» **Aim of the task**:
The pictures in the listing below are to be skipped, while the lines between the line holding "Ohio cornerback Marlin" and the line holding "EXCITED FOR THE", inclusive, are to be output exactly.

» **Recorded information**:
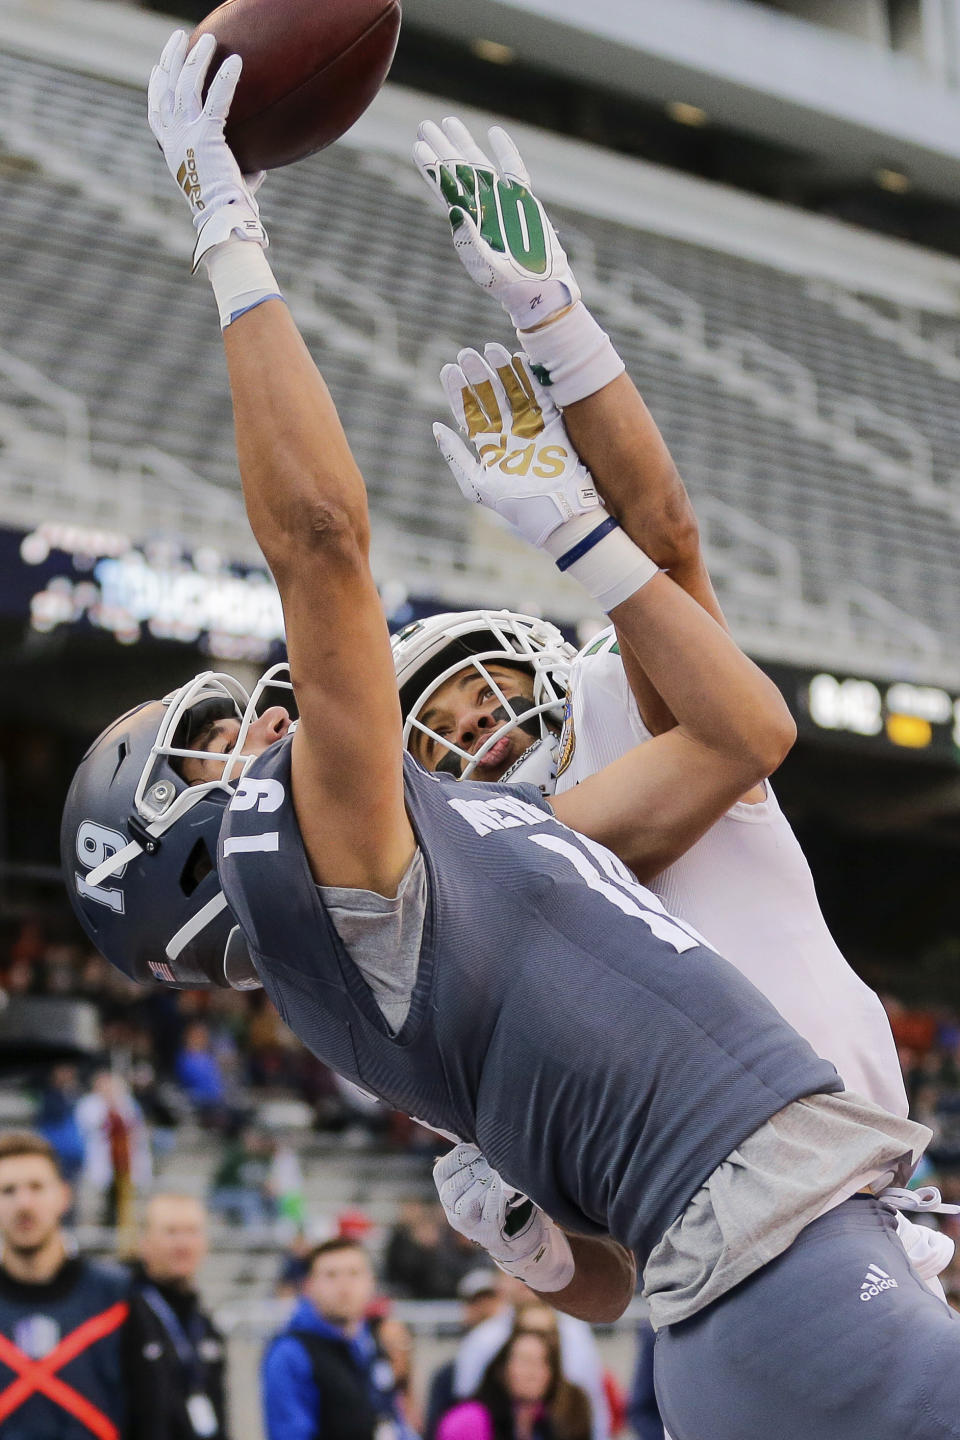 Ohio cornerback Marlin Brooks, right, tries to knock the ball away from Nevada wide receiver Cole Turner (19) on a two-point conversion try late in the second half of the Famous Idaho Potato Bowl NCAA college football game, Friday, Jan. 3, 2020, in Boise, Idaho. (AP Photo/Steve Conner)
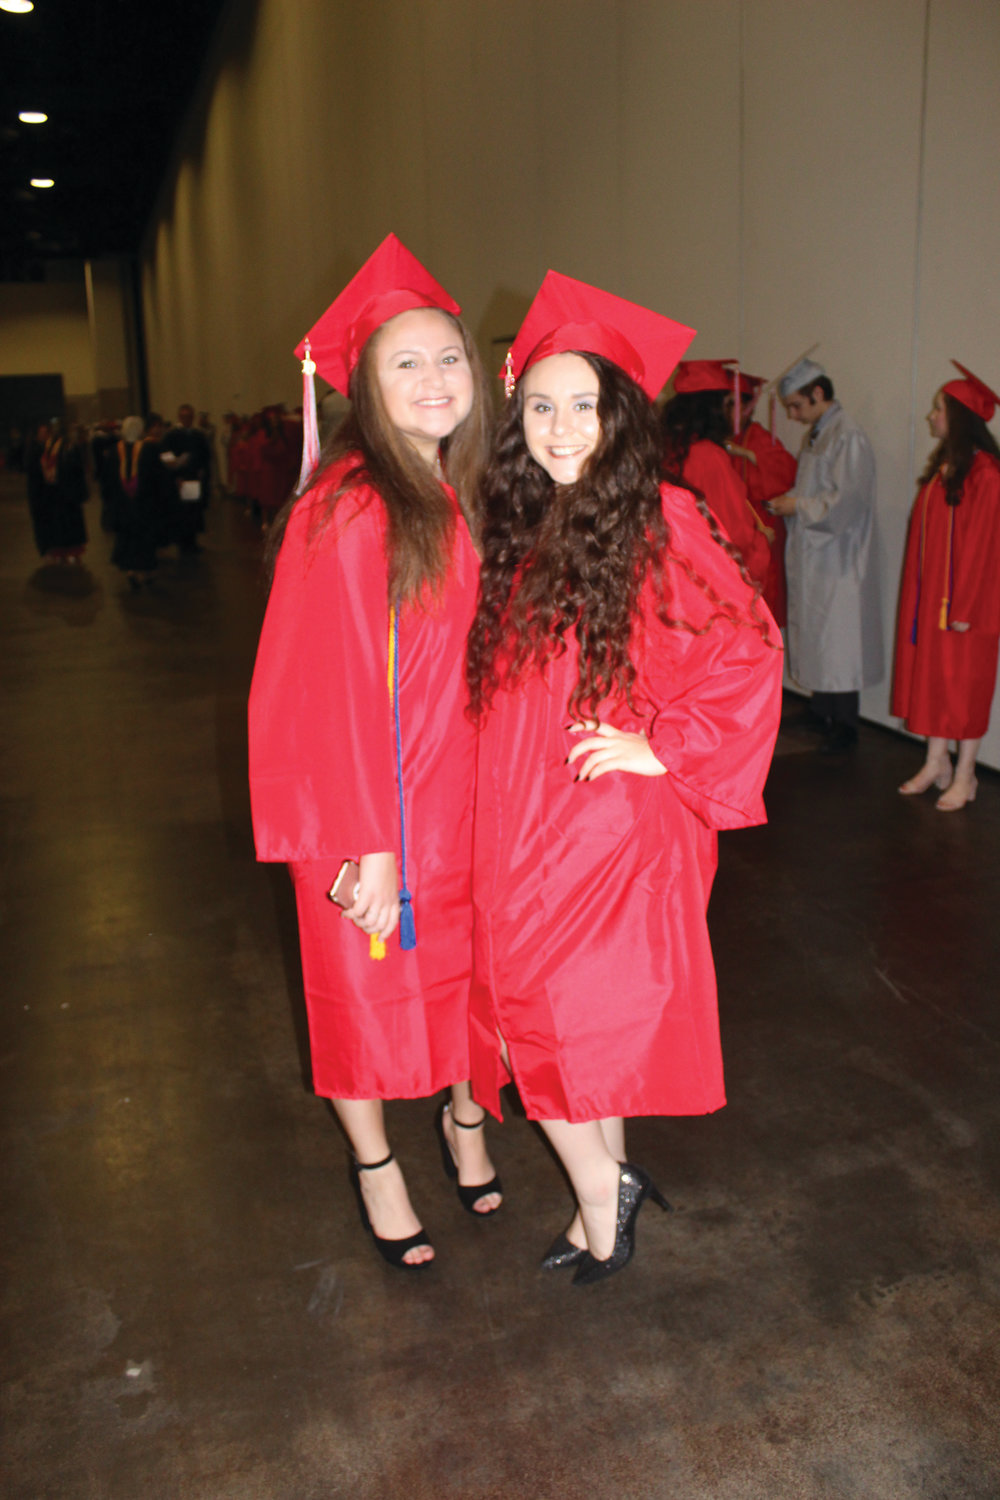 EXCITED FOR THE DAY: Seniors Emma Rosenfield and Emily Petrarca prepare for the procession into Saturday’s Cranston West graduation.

==

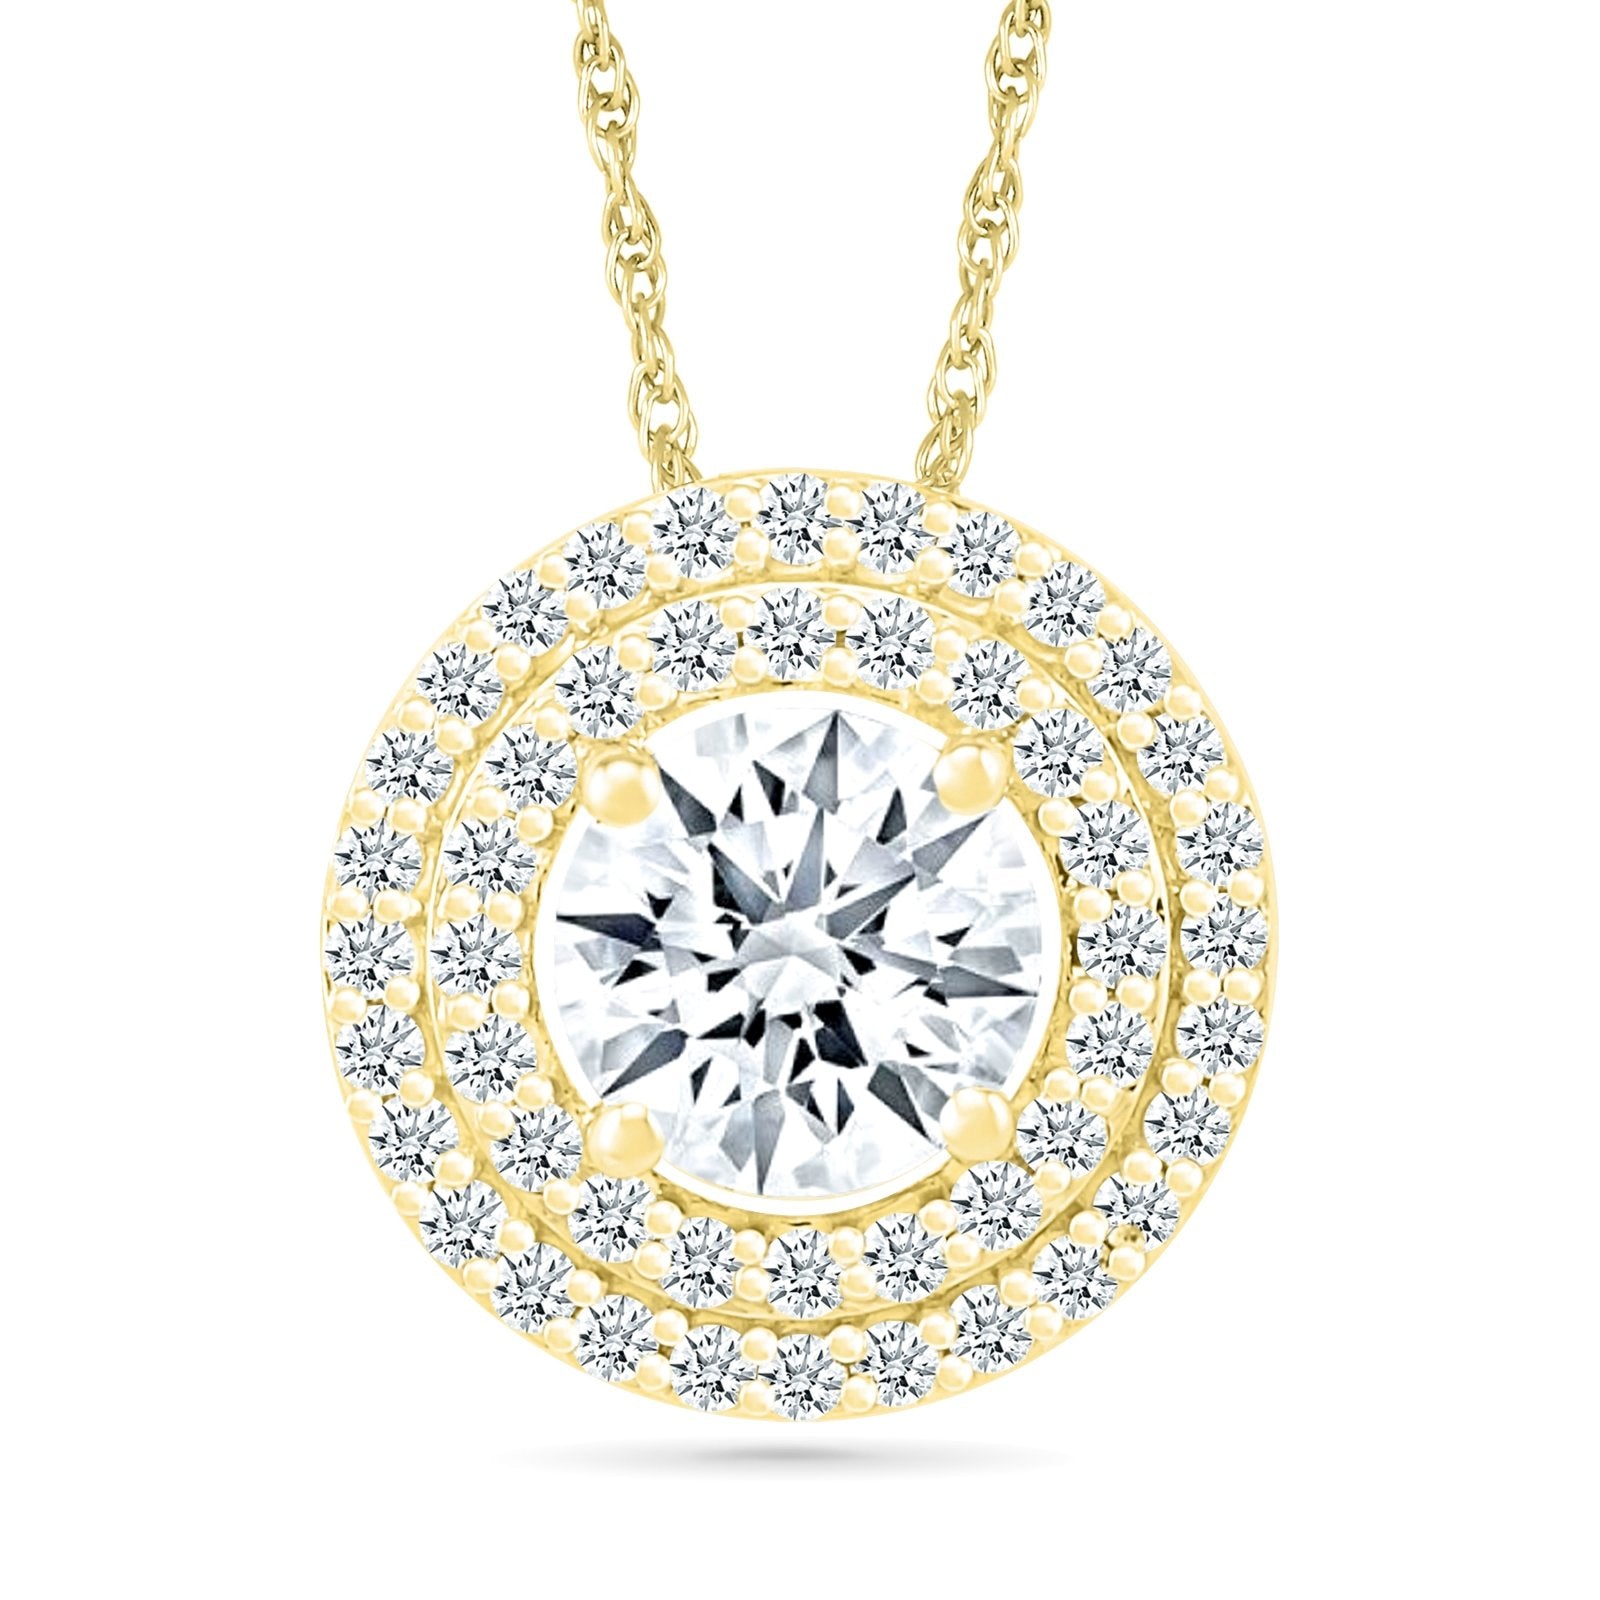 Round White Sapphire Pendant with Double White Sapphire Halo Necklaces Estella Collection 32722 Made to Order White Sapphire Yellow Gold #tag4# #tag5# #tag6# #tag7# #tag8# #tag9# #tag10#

» **Answer for the task**:
 Ohio cornerback Marlin Brooks, right, tries to knock the ball away from Nevada wide receiver Cole Turner (19) on a two-point conversion try late in the second half of the Famous Idaho Potato Bowl NCAA college football game, Friday, Jan. 3, 2020, in Boise, Idaho. (AP Photo/Steve Conner)
 EXCITED FOR THE DAY: Seniors Emma Rosenfield and Emily Petrarca prepare for the procession into Saturday’s Cranston West graduation.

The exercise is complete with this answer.